### Problem
The answer is every record that follows, printed exactly.

---------- Information

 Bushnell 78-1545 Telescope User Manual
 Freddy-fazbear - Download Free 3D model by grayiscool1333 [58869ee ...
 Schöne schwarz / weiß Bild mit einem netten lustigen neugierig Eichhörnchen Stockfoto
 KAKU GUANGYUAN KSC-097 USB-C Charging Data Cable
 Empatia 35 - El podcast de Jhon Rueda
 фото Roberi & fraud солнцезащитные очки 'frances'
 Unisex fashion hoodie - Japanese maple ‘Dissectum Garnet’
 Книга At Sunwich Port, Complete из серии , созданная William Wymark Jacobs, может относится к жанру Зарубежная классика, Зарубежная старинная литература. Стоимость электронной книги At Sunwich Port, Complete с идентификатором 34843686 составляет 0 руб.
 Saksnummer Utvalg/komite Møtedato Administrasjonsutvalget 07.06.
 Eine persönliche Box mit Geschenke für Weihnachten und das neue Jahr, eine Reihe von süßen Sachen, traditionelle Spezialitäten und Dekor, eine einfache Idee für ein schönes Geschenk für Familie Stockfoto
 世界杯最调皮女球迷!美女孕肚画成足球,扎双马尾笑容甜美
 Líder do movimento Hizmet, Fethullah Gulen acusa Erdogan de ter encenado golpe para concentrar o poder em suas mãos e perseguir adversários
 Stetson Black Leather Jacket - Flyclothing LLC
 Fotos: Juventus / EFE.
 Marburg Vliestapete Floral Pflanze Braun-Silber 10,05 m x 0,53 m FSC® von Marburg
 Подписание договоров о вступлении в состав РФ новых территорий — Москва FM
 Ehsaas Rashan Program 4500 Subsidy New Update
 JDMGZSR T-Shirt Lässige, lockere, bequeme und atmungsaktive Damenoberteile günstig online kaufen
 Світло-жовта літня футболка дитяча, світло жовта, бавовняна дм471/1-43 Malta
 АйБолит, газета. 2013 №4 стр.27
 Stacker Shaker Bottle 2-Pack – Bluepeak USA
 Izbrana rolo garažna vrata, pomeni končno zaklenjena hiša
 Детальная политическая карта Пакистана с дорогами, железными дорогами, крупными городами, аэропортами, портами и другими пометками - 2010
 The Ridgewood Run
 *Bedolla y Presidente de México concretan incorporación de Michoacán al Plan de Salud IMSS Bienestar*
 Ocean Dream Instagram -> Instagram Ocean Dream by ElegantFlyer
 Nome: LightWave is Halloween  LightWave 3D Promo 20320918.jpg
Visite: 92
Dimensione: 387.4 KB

--------------------

### Answer for the task
 Bushnell 78-1545 Telescope User Manual
 Freddy-fazbear - Download Free 3D model by grayiscool1333 [58869ee ...
 Schöne schwarz / weiß Bild mit einem netten lustigen neugierig Eichhörnchen Stockfoto
 KAKU GUANGYUAN KSC-097 USB-C Charging Data Cable
 Empatia 35 - El podcast de Jhon Rueda
 фото Roberi & fraud солнцезащитные очки 'frances'
 Unisex fashion hoodie - Japanese maple ‘Dissectum Garnet’
 Книга At Sunwich Port, Complete из серии , созданная William Wymark Jacobs, может относится к жанру Зарубежная классика, Зарубежная старинная литература. Стоимость электронной книги At Sunwich Port, Complete с идентификатором 34843686 составляет 0 руб.
 Saksnummer Utvalg/komite Møtedato Administrasjonsutvalget 07.06.
 Eine persönliche Box mit Geschenke für Weihnachten und das neue Jahr, eine Reihe von süßen Sachen, traditionelle Spezialitäten und Dekor, eine einfache Idee für ein schönes Geschenk für Familie Stockfoto
 世界杯最调皮女球迷!美女孕肚画成足球,扎双马尾笑容甜美
 Líder do movimento Hizmet, Fethullah Gulen acusa Erdogan de ter encenado golpe para concentrar o poder em suas mãos e perseguir adversários
 Stetson Black Leather Jacket - Flyclothing LLC
 Fotos: Juventus / EFE.
 Marburg Vliestapete Floral Pflanze Braun-Silber 10,05 m x 0,53 m FSC® von Marburg
 Подписание договоров о вступлении в состав РФ новых территорий — Москва FM
 Ehsaas Rashan Program 4500 Subsidy New Update
 JDMGZSR T-Shirt Lässige, lockere, bequeme und atmungsaktive Damenoberteile günstig online kaufen
 Світло-жовта літня футболка дитяча, світло жовта, бавовняна дм471/1-43 Malta
 АйБолит, газета. 2013 №4 стр.27
 Stacker Shaker Bottle 2-Pack – Bluepeak USA
 Izbrana rolo garažna vrata, pomeni končno zaklenjena hiša
 Детальная политическая карта Пакистана с дорогами, железными дорогами, крупными городами, аэропортами, портами и другими пометками - 2010
 The Ridgewood Run
 *Bedolla y Presidente de México concretan incorporación de Michoacán al Plan de Salud IMSS Bienestar*
 Ocean Dream Instagram -> Instagram Ocean Dream by ElegantFlyer
 Nome: LightWave is Halloween  LightWave 3D Promo 20320918.jpg
Visite: 92
Dimensione: 387.4 KB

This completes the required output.